As Zero Trust assumes that any connection that doesn’t pass all checks is a breach to the system, IT decision makers should consider additional security implementations such as microsegmentation and software defined perimeters (SDPs). These prevent potential attackers from lateral movement across the system and thus helps confine breaches to a singular subsystem.

Should access be required on premises as well as remotely, software-defined wide-area networking (SD-WAN) solutions offer an additional optimisation to the SASE Zero Trust architecture. SD-WAN is capable of service chaining security inspection to the secure web gateway when in-house connections are required, preventing the need for in-house connections to be routed entirely via the cloud (which would add additional latency).

With cloud access security brokers (CASB) visibility, the security policies are centralised to define the access enforcement to cloud applications and quarantine users with suspicious behaviour.

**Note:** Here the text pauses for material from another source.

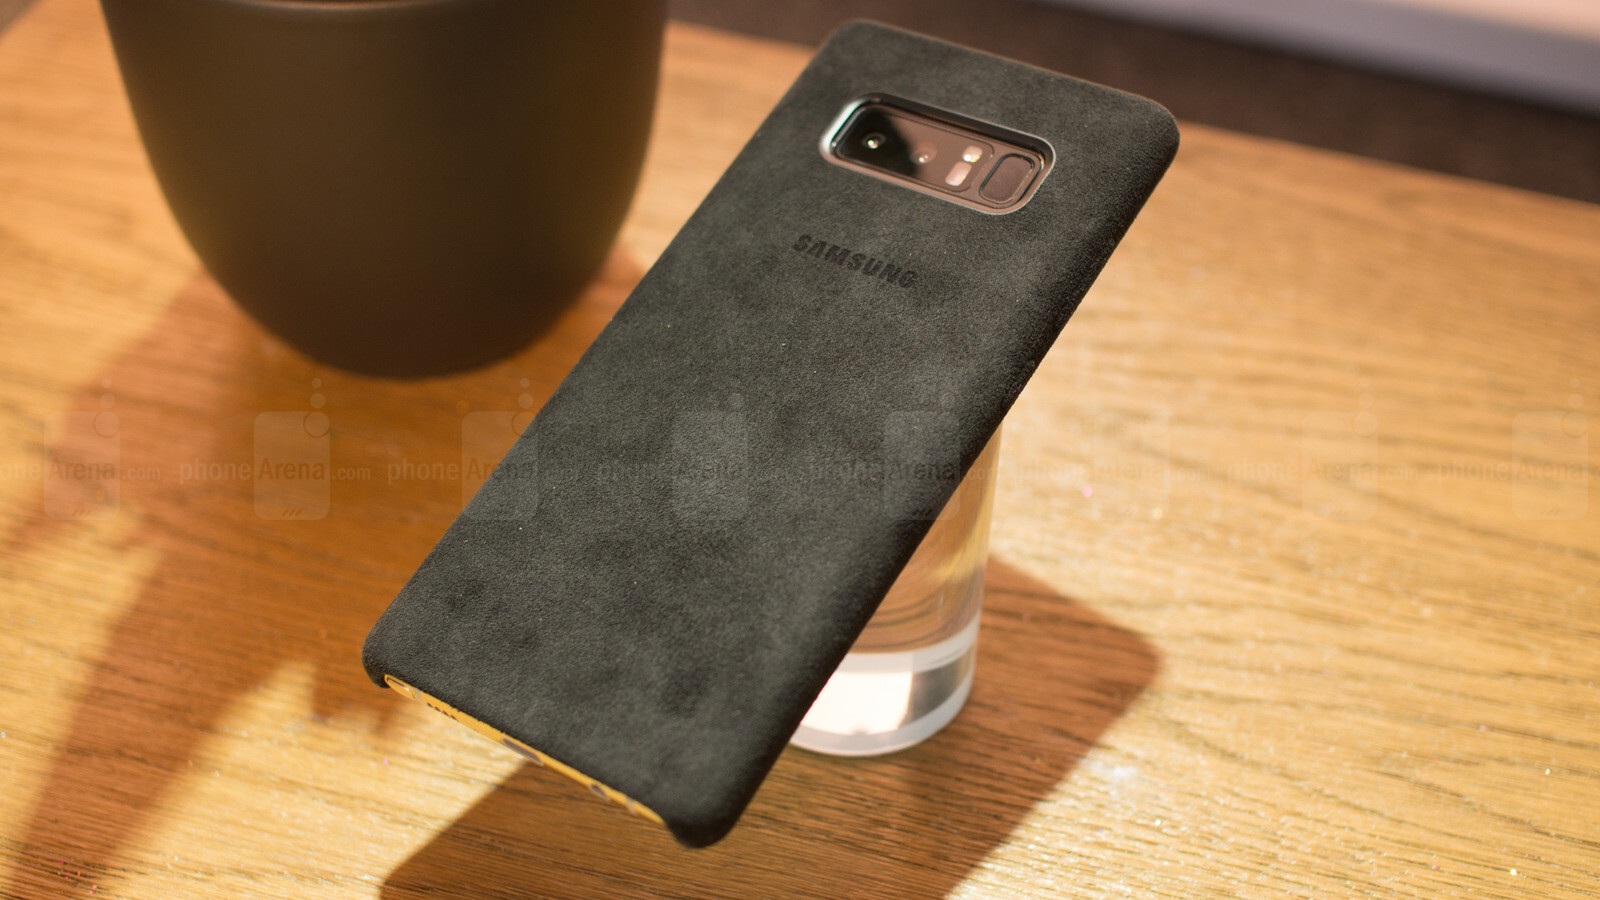 Official Samsung Galaxy Note 8 Alcantara Case Hands On
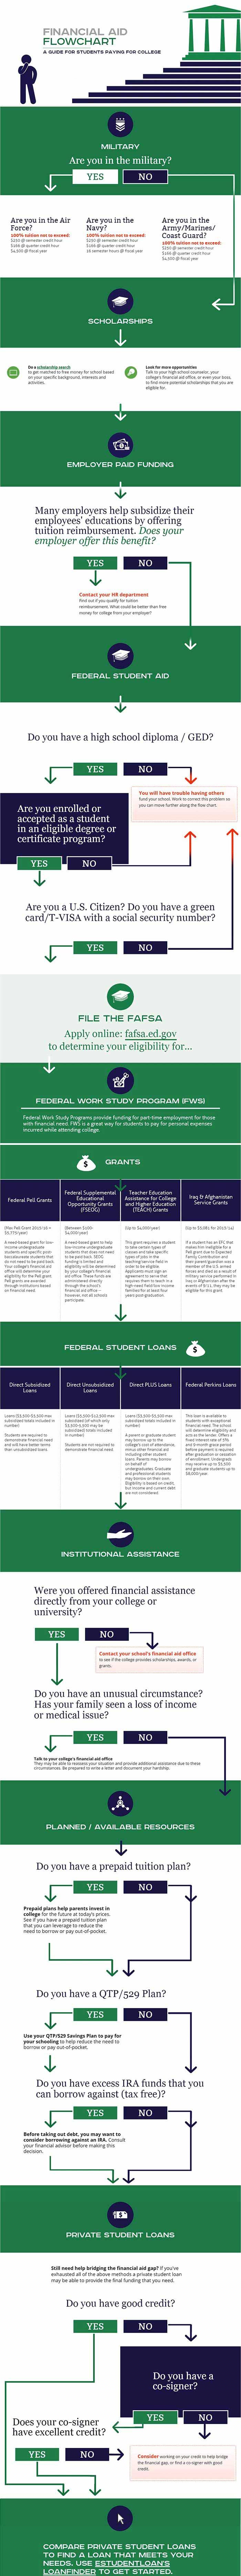 financial aid flowchart

Organisations must constantly monitor systems to ensure that, as the system develops, it remains up-to-date with the latest solutions and is able to cope with new threats.

Zero Trust: Choosing the Right Partners

As there are many different providers for SASE and Zero Trust architecture solutions, IT decision makers are advised to evaluate the needs of their organisation before choosing a provider.

Cato Networks (CatoSASE), Fortinet (FortiSASE), Paloalto (PrismaSASE) and Netskope (Netskope SASE) each provide an integration of SASE services for their cloud networks with Fortinet and Paloalto proving to be prominent in the sector due to their ability to offer Next-Generation Firewalls (NGFW) and Secure Web Gateways (SWG), which assist with fulfilling the Zero Trust model.

Fortinet stands out not only for their intuitive user interface, unified network, security visibility and its ease of configurability but also for its microbranch security which is a unique capability. Fortinet access points and extenders intelligently offload traffic to a SASE location for comprehensive security inspection at scale, for all devices. This allows a new approach to cloud-based security by extending enterprise-grade protection to microbranches without additional appliances, agents, or services.